There two equations -

(x-3)^2 / 55^2 + (y-4)^2 / 125^2 = 1

and

y-4 = (1/√3)*(x-3)

and you have two unknowns (x & y)

let

u = x-3 and.................................(1)

v = y-4 .................................(2)

then we have

u^2 / 55^2 + v^2 / 125^2 = 1 .................................(3)

and

v = (1/√3)*u .........................................................(4)

using (4) in (3), we get

u^2 / 55^2 + u^2 /(3* 125^2) = 1 ..........................(5)

Now solve for 'u' from (5) - use that value of 'u' in (4) and calculate 'v' - then calculate 'x' and 'y' using (1) and (2)

Can you show me how to get x and y on the other side of the equation..
as in...

x=?
y=?

As I said before - I am not doing this for school or something - so I have really no Math experience on this level ~ when you say "solve for 'u' ", I don't know what to do.

 

[HallsofIvy]

One thing that follows from the "circle" definitions of sine and cosine is that if (x, y) is a point on the circle with center $\displaystyle (x_0, y_0)$ and radius r has parametric equations $\displaystyle x= x_0+ r cos(\theta)$ and $\displaystyle y= y_0+ r sin(\theta)$. Taking $\displaystyle \theta$ from 0 to $\displaystyle 2\pi$

It shouldn't be difficult to see that an ellipse with axes parallel to the x-axis of length L and parallel to the y-axis of length H is given by $\displaystyle x= x_0+ L cos(\theta)$ and $\displaystyle y= y_0+ H sin(\theta)$.
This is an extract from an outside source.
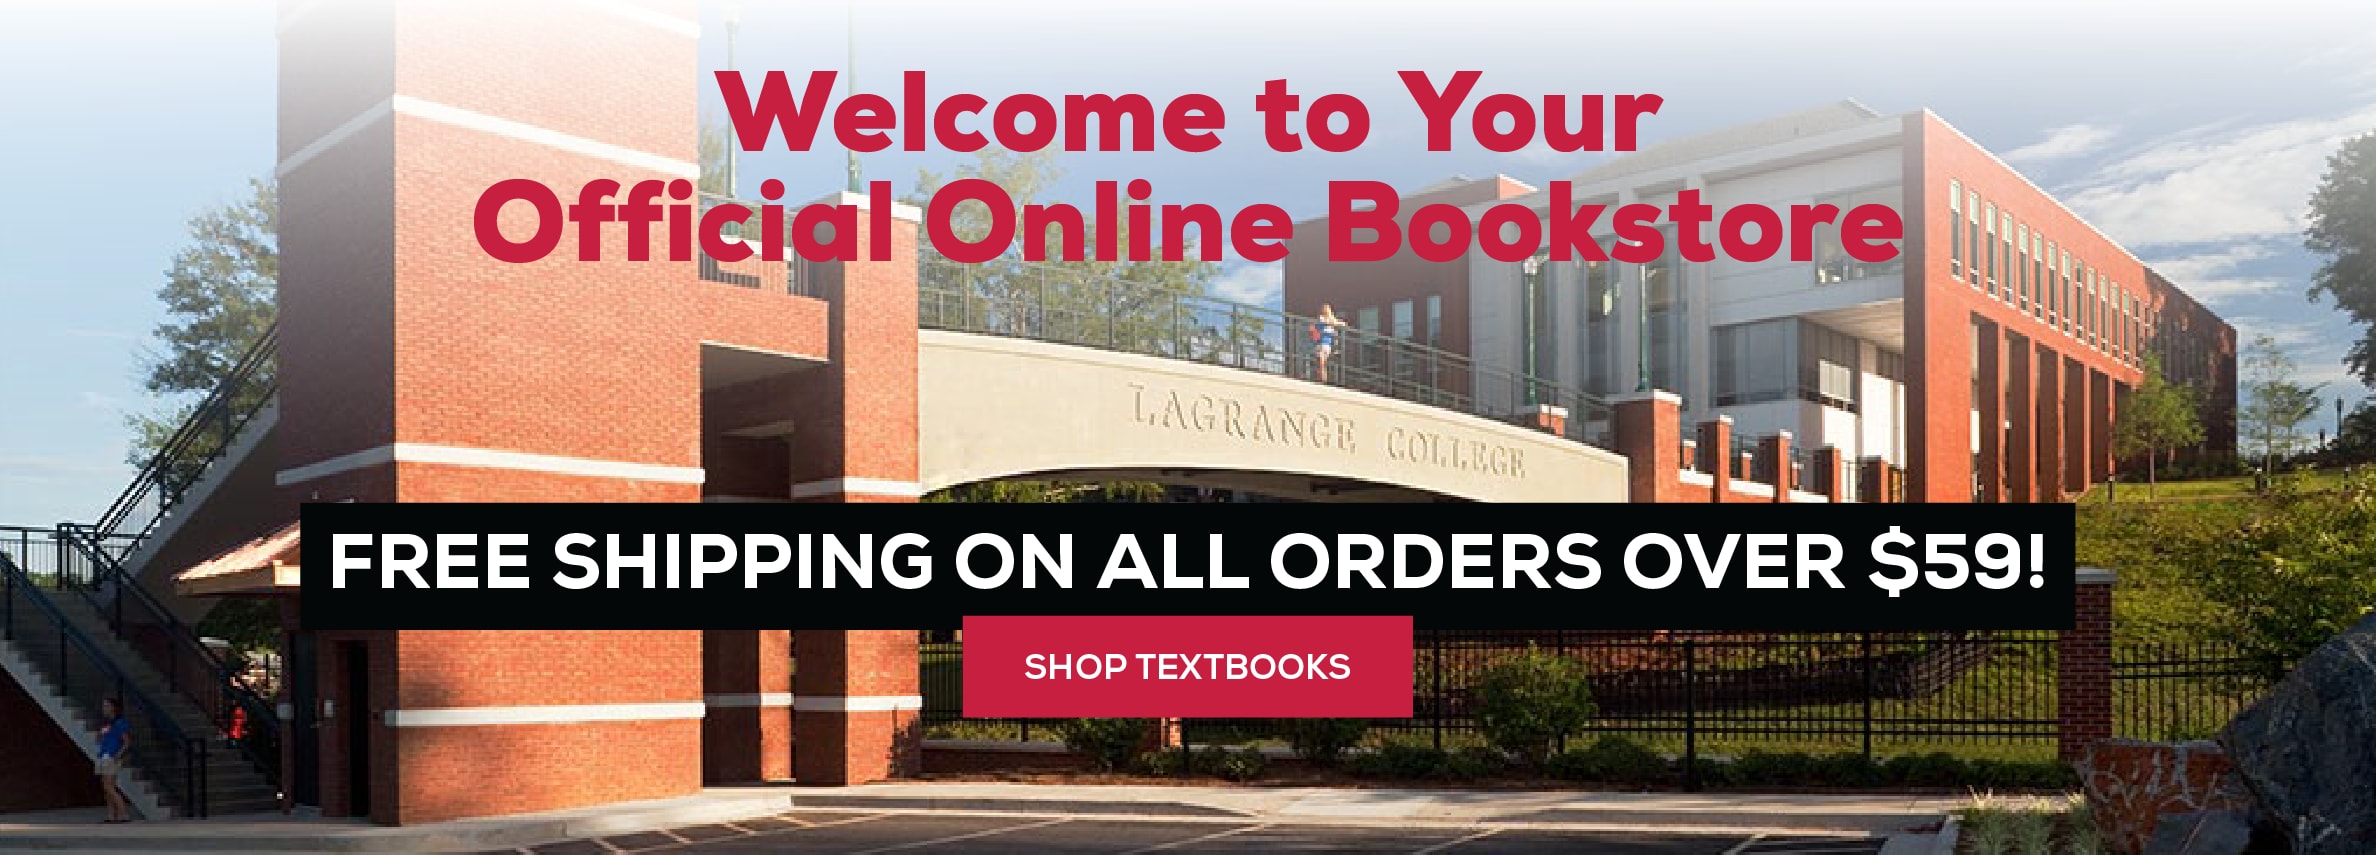 Welcome to your Official Online Bookstore. Free shipping on all orders over $59! Shop Textbooks

A line that goes through $\displaystyle (x_0, y_0)$ and makes angle $\displaystyle \phi$ with the positive x-axis is given by $\displaystyle x= x_0+ t cos(\phi)$ and $\displaystyle y= y_0+ t sin(\phi)$ with parameter t.

The points where the line intersects the ellipse are given by $\displaystyle x= x_0+ L cos(\theta)= x_0+ t cos(\phi)$ and $\displaystyle y= y_0+ Hcos(\theta)= y_0+ t cos(\phi)$. Here, $\displaystyle x_0$, $\displaystyle y_0$, L, H, and $\displaystyle \phi$ are given constants (in your problem $\displaystyle x_0= 3$, $\displaystyle y_0= 4$, L= 55, H= 125, and $\displaystyle \phi= 30$ degrees. That gives two equations to solve for t and $\displaystyle \theta$.

I think you will find it much easier to plot points in computer graphics using "parametric equations" where x and y are given in terms of some third parameter.